If you’re in a spot of bother or in real trouble anywhere in the world you can now use your iPhone to immediately alert friends or family, including sending them a map of exactly where you are.

A small start-up company, Xpertise Mobile, working out of a house in the trendy, ‘artist-quarter’ inner-Melbourne suburb of Fitzroy, has developed a new application which it has called i am Safe, which can be activated with the single touch of a button to immediately alert up to five friends or family that you need help. It also shows them where you are on a map and also make audio recordings of any incident and downloads them to the server immediately.

What’s more, all of this happens instantly on activation and works anywhere in the world, subject to the integrity of the signal on your iPhone.   It’s also not something you can trigger accidentally as activation begins with a countdown to launch, determined by you on set-up (between 2 and 5 seconds), and to cancel the countdown, you simply slide a bar.

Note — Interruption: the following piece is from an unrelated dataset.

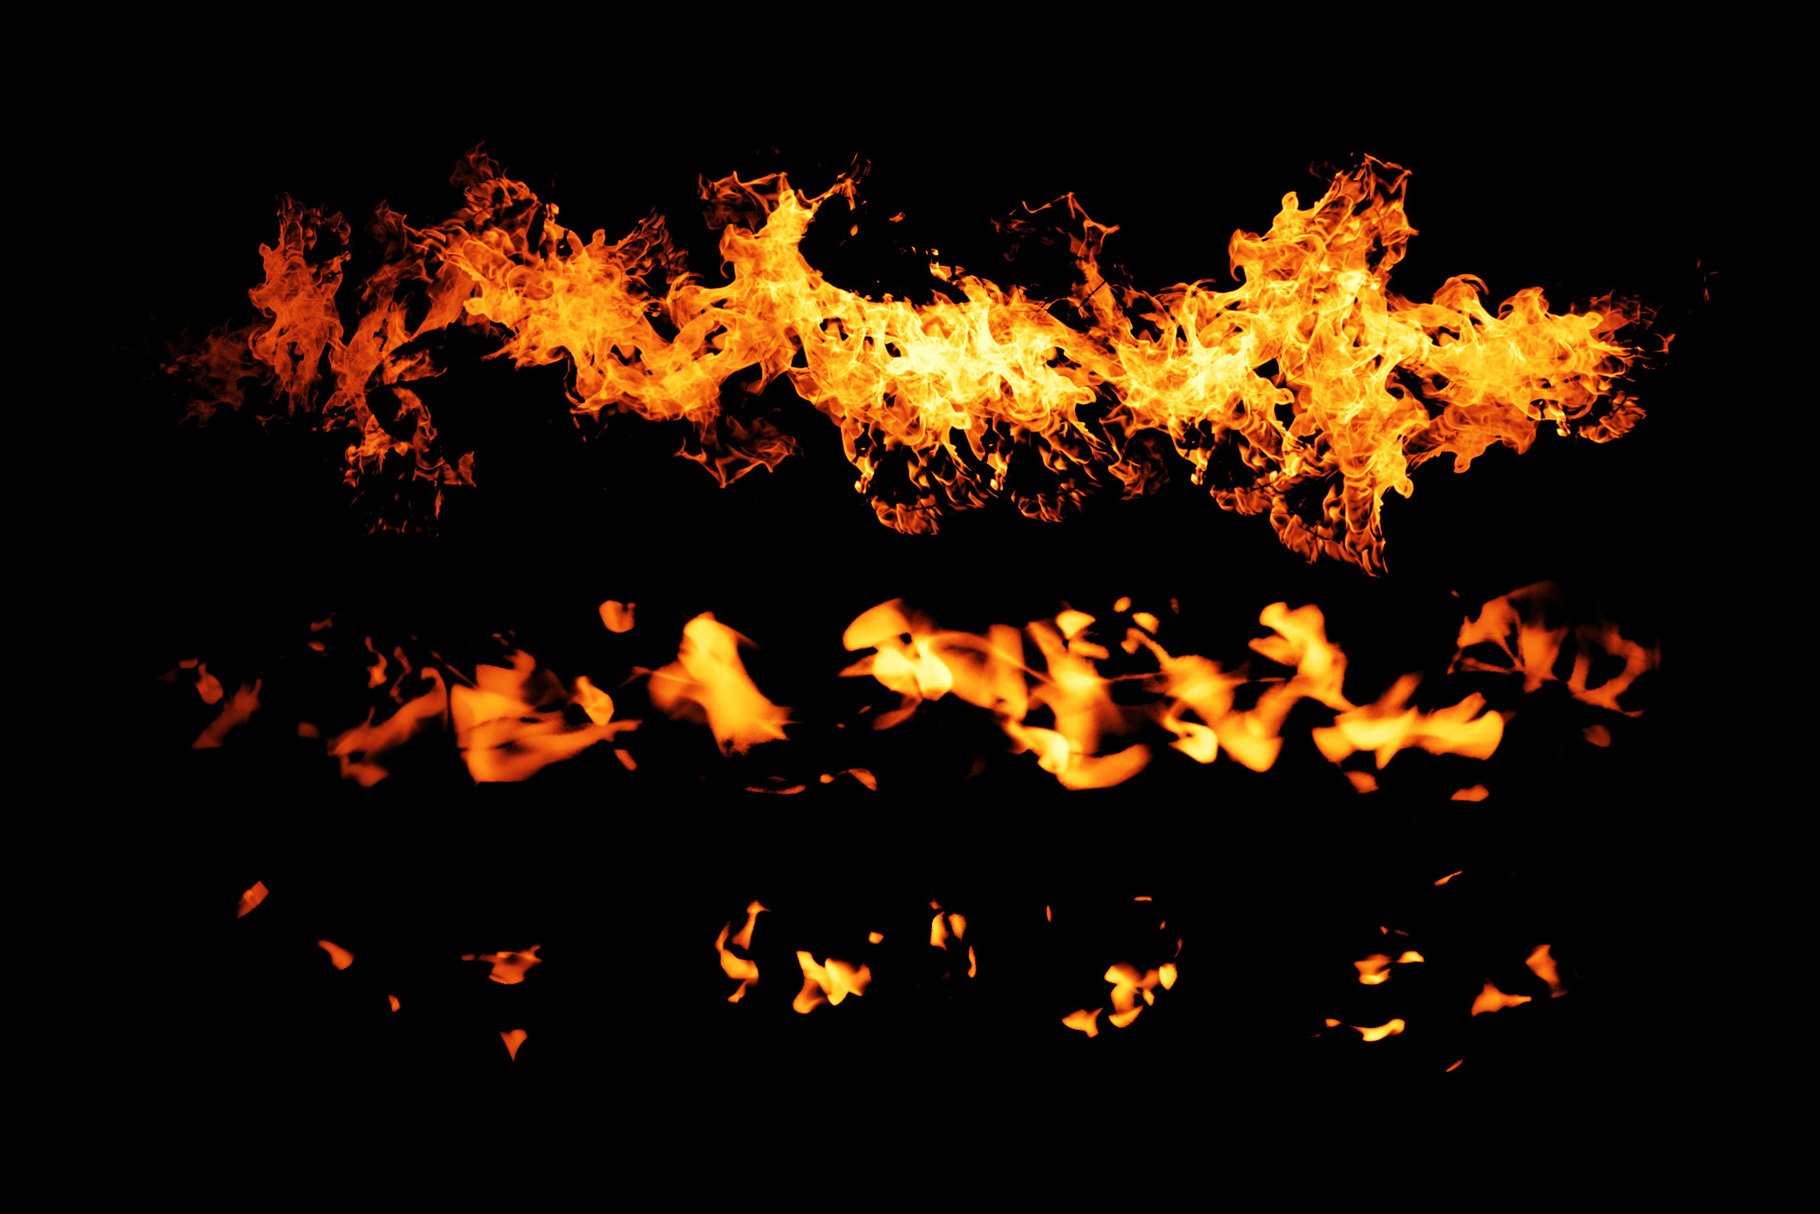 Dynamic Fire FX brush setpreview image.

The four simple ways i am Safe can potentially help you in an emergency - providing you have an adequate signal – are, by (i) Making your phone ring, which might just provide the distraction you need to get away; (ii) sending a previously worded emergency text or voice message to five pre-determined contacts; (iii) sending an emergency email to your five contacts, including a link to a map showing where you are and then tracking you continuously; and, (iv) recording audio of the incident and sending it to the i am Safe server for future reference.

This great new, ‘peace-of-mind’ for parents and family, application has been painstakingly developed over the past 12-months by the originator of the idea, Tim Hine, and his newly-formed team of three programmers, one architect and a graphic designer.

Tim, a 64-year-old veteran of the IT industry, told iTWire today that he was triggered into action when, like all other Australians, he was appalled by the events surrounding the disappearance and subsequent death in Croatia of Melbourne girl, Britt Lapthorne.

“A year ago the media was buzzing with reports of the Britt Lapthorne case and, working in IT, I started thinking about a solution.  Being an Apple-based person I thought of developing the solution on the Apple platform, and decided to pull together a team to develop the application.”